この映画『あのこと』は、そんな“声を上げられない”環境に物申してくれる、一石を投じてくれる映画だと思うのです。
タイトルの“あのこと”が指し示すのは、人工妊娠中絶のこと。望まぬ妊娠をした大学生のアンヌが、自らが願う自由な未来をつかむために、たった独りでたたかう日々が描かれます。
現在もアメリカをはじめ人工妊娠中絶について議論が繰り広げられていますが、この映画の舞台は1960年代のフランス。当時、人工妊娠中絶は法律で禁止され、「中絶」という言葉すら発することのできない空気に満ちていました。そんな環境で、もしも自分がアンヌの立場に立たされたら……と思うと、絶望的です。
望まぬ妊娠であっても、母性に目覚めて産むことを決意する──という映画もありますが、この映画は、アンヌ自身が自分の未来を自分で考え、決断し、解決しようと進んでいきます。
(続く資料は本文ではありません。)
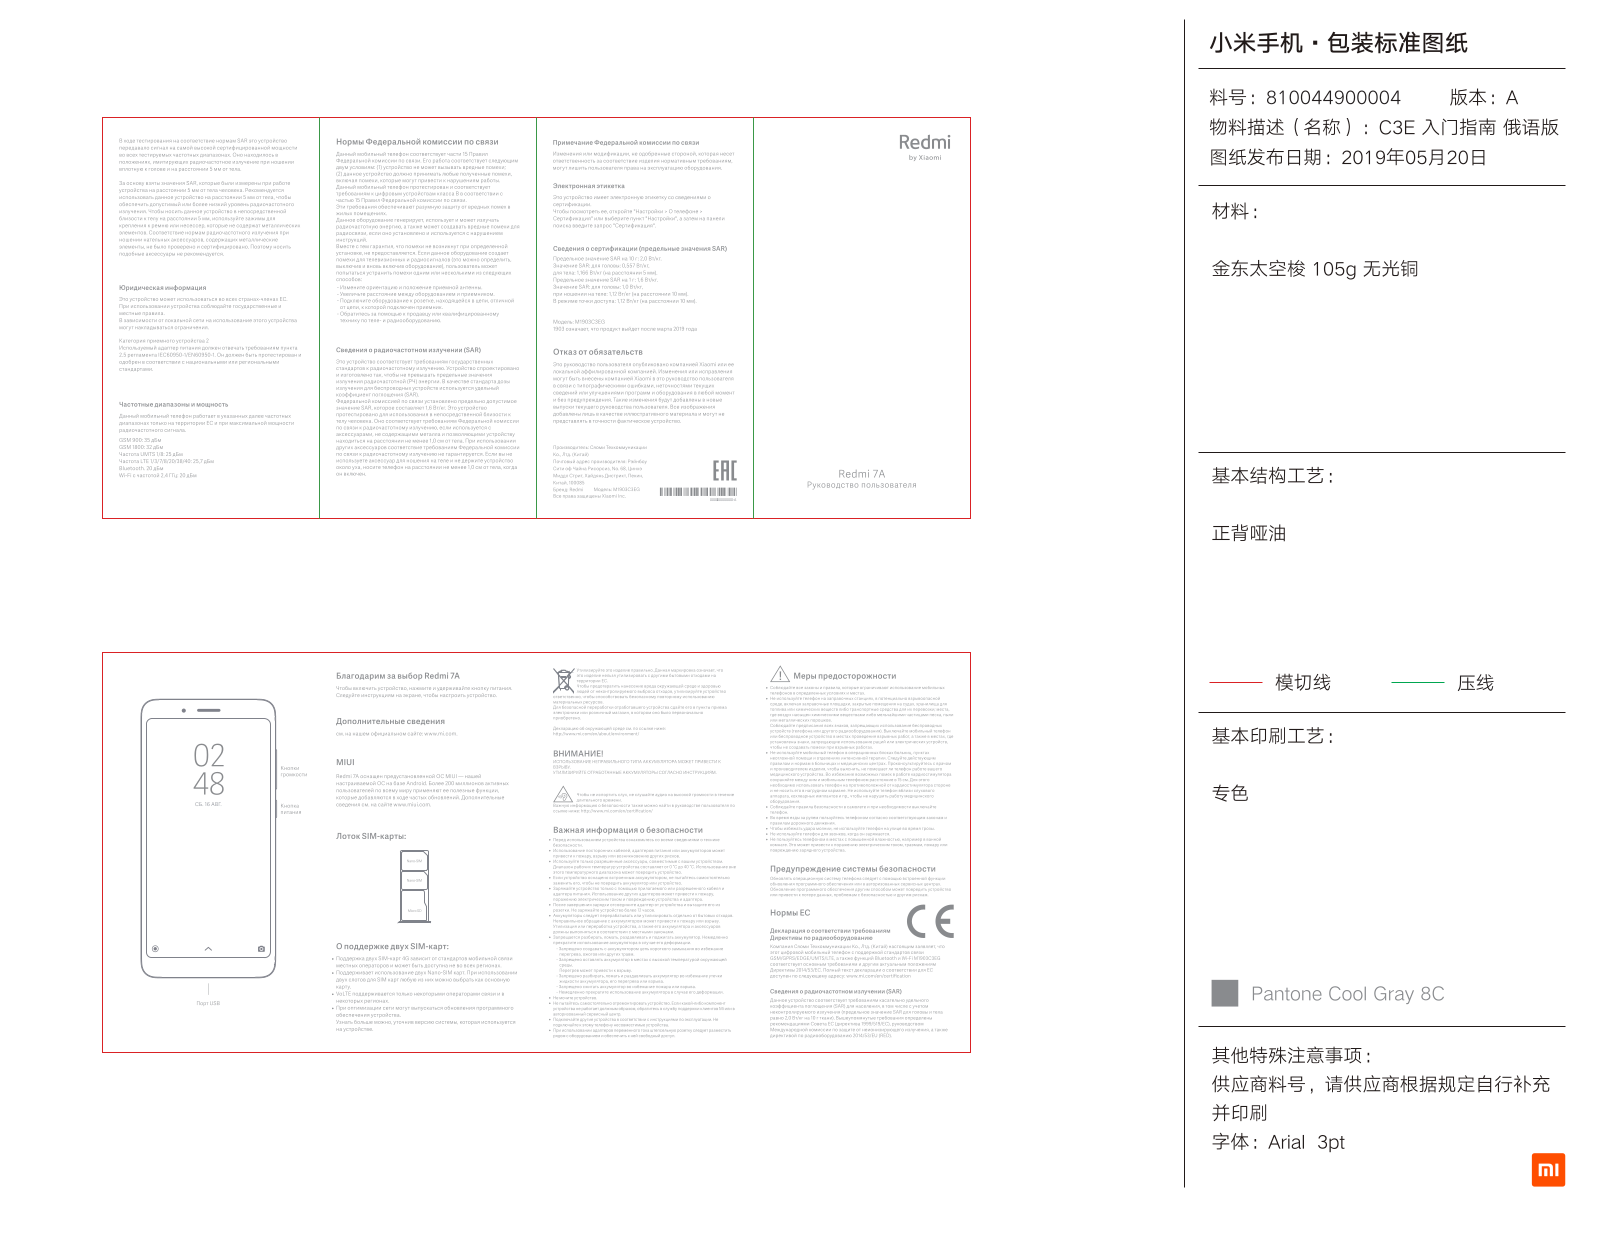 Xiaomi Redmi 7A User Manual

この映画の原作は、アニー・エルノーの小説「事件」。映画化するきっかけについて監督のオードレイ・ディヴァンはこう語っています。
「自身の堕胎経験を経て、その経験から、(自分が受けた)合法の中絶と、違法な中絶の違いが知りたいと思い、この本を手に取りました。小説を読んで、まず浮かんだのは、激しい怒りです。妊娠を告げられた瞬間から、苦しみを受けたに違いない少女の体や、彼女が直面したジレンマに対する理不尽さに憤りを覚えました。そして、命をかけて中絶するのか、それとも子供を産んで自分の未来を犠牲にするのか。私はそれをイメージに変換しようとしました。そのプロセスは、物語を身体的な体験に変えるものです。きっと時代や性別を超えることができる旅路になっていると思います」(プレス資料より)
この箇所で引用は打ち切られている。